Harmonic drives from the vendor you state are of high quality. They are precise, designed for a long lifespan and have good load/weight ratios. From experience, the price tag is approximately 1000 euros per harmonic drive for only the component set (consisting of the wave generator, circular spline and flex spline). Expect to pay more if you want a complete unit (i.e. including housing with input and output shafts and bearings). It is recommended to buy a full unit, because also the housing has high requirements (for instance, both input and output shafts have to be fixed axially and centered to high accuracy) and assembly is not trivial.

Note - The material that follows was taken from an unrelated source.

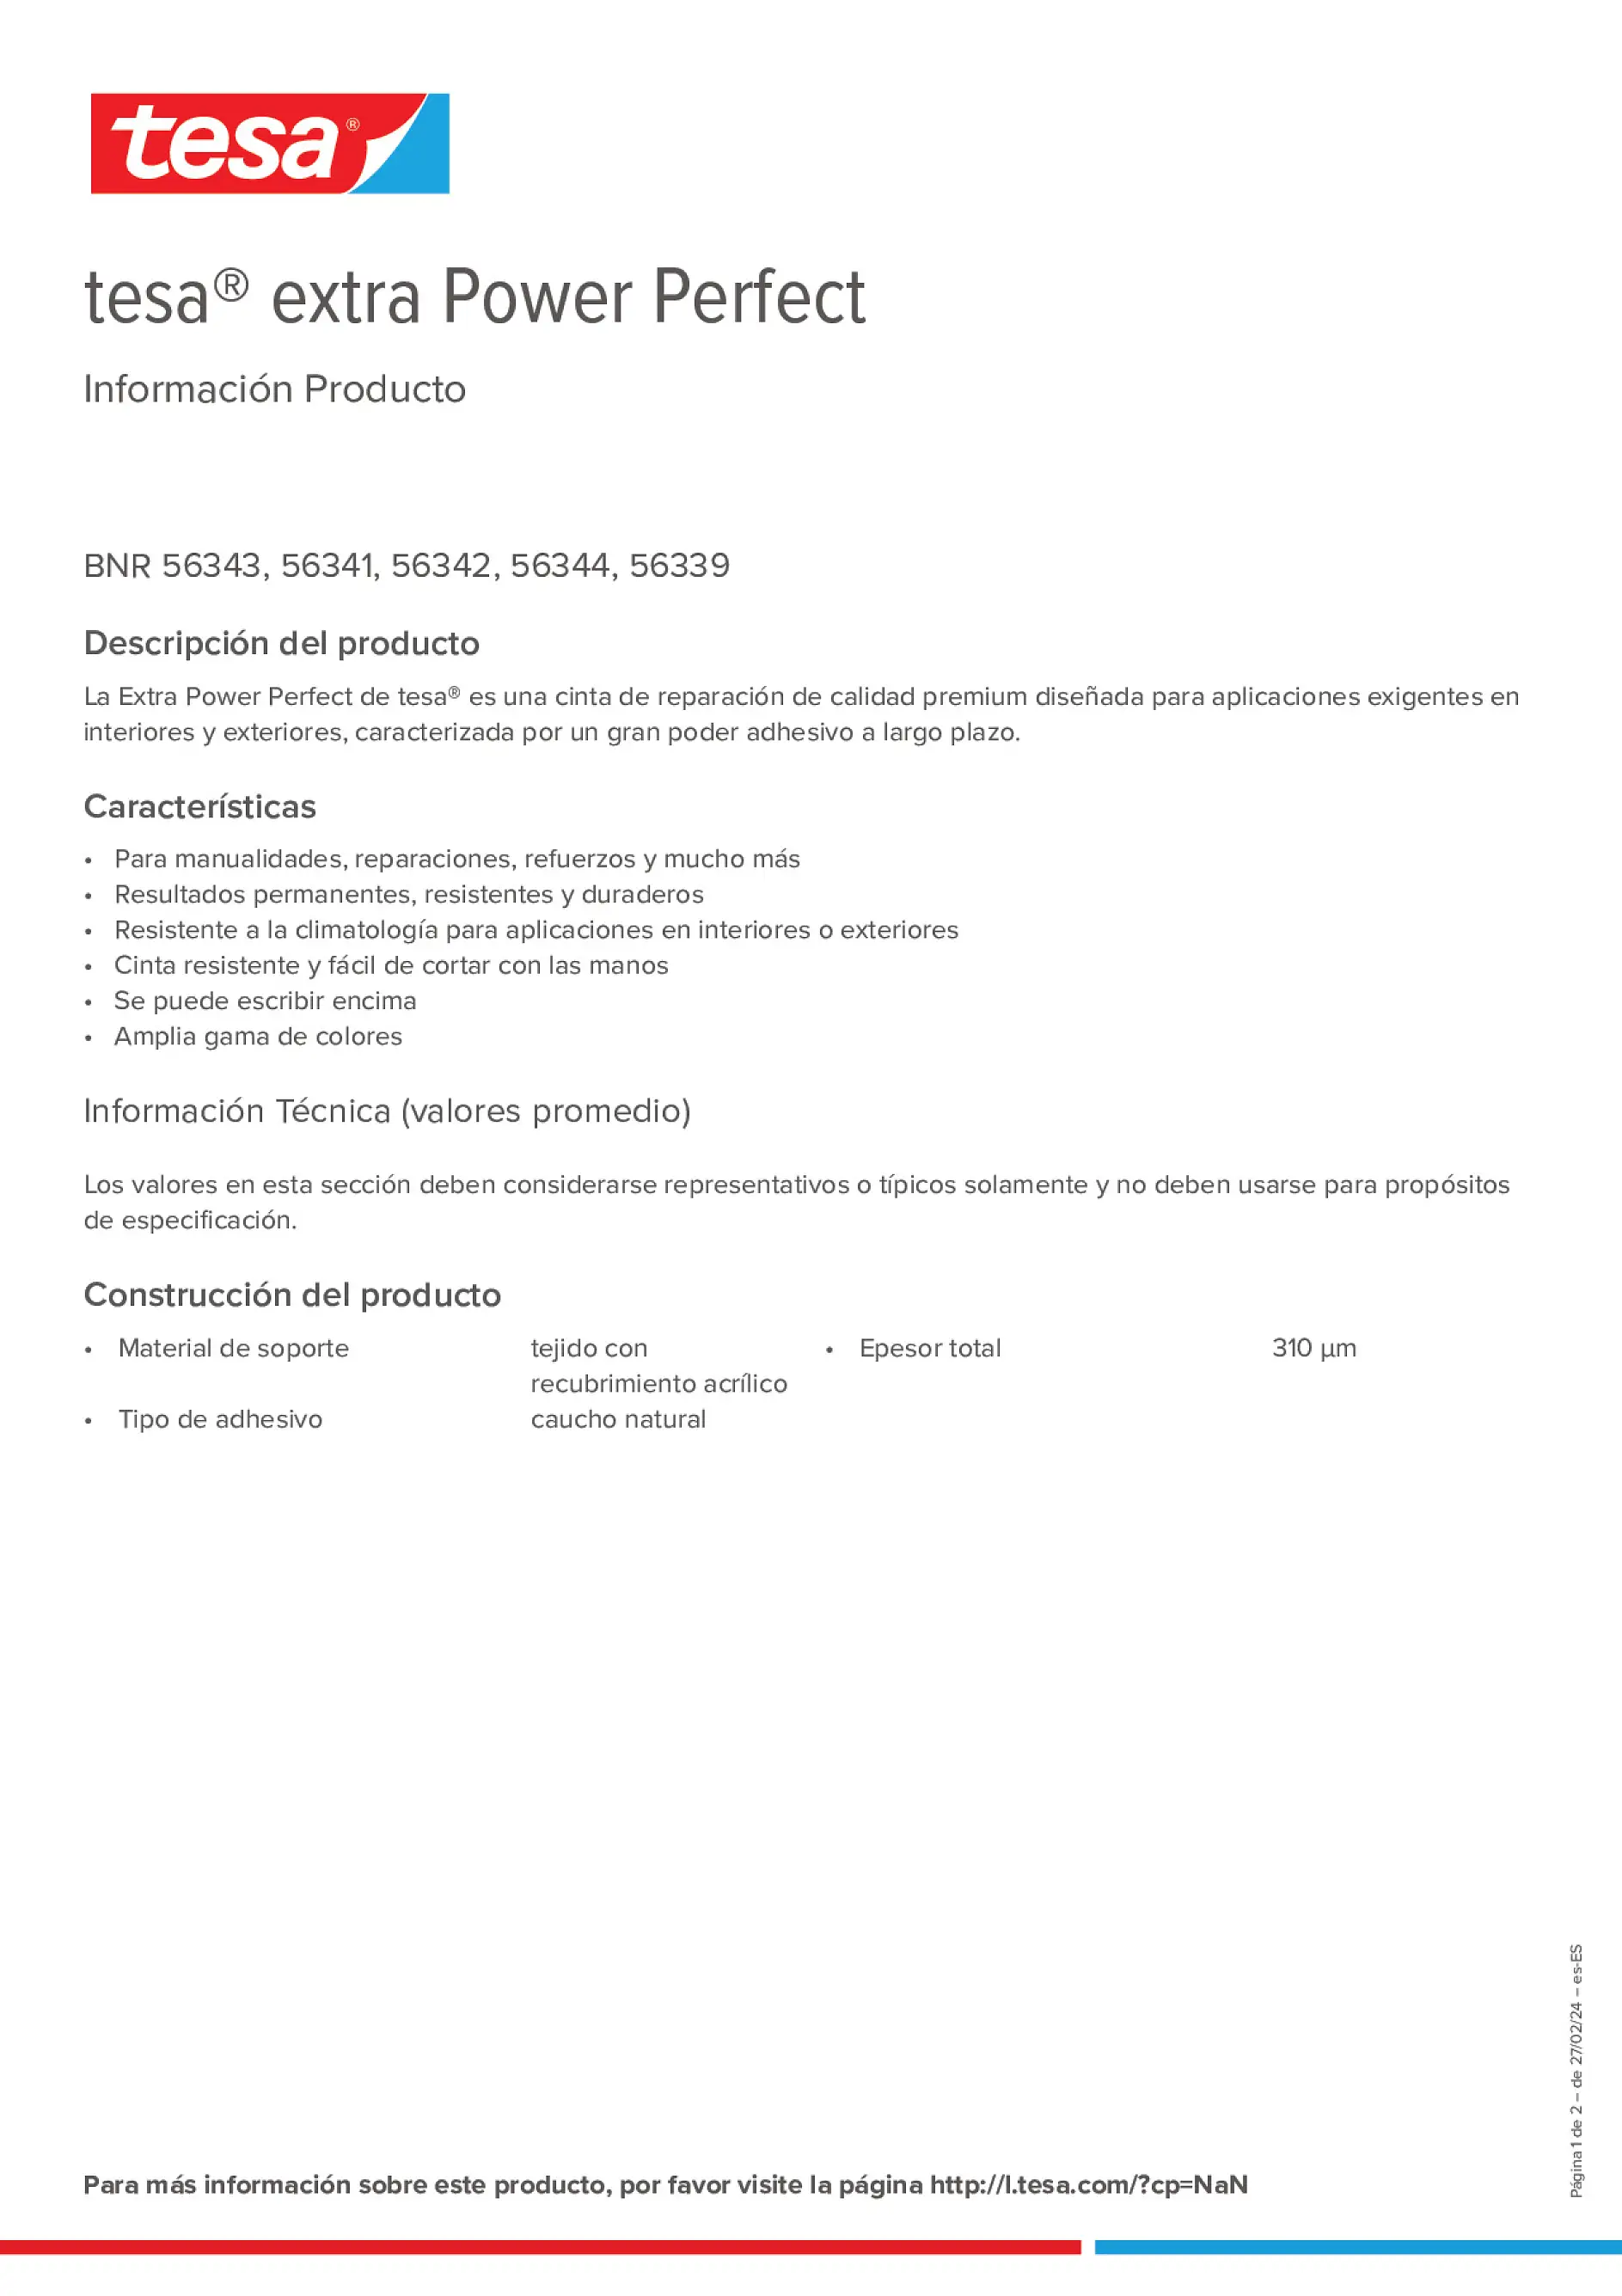 Product information_tesa® extra Power 56339_es-ES

As someone already stated, "Harmonic Drives" is in fact trade marketed by the Harmonic Drive company. The principle mechanism is referred to as strain wave generator. You will certainly find more vendors with that name. Whereas it is quite possible that you pay slightly more for the name tag "Harmonic Drive", alarm bells should start ringing if the price is off by a full order of magnitude. Be sure to compare specifications, but also be cautious with them. Different companies use different standards for determining their load ratios; company A in country B may have more of a reputation and legal status to defend than company C in country D. Cheaper strain wave generators might be machined from soft (non-hardened) steel, machined with poor tolerances and may use slightly different principles that use more and smaller parts. As for the latter, the elliptically shaped bearing in the wave generator could for instance be replaced by two ordinary ball bearings, lowering the quality. All could lead to increase of backlash, periodic wobble, lower load ratings, reduced life span and lower efficiency. At this point, it might be worth considering to step back to more common transmissions.

It is difficult to give a direct and quantified answer to your question, because we (or I, at least) simply have not tried all B-brands out there. You would have to buy and try.

To give you a short tldr answer to your main question: no, stay away from harmonic drives as a hobbyist, unless you have serious money and/or time to spend.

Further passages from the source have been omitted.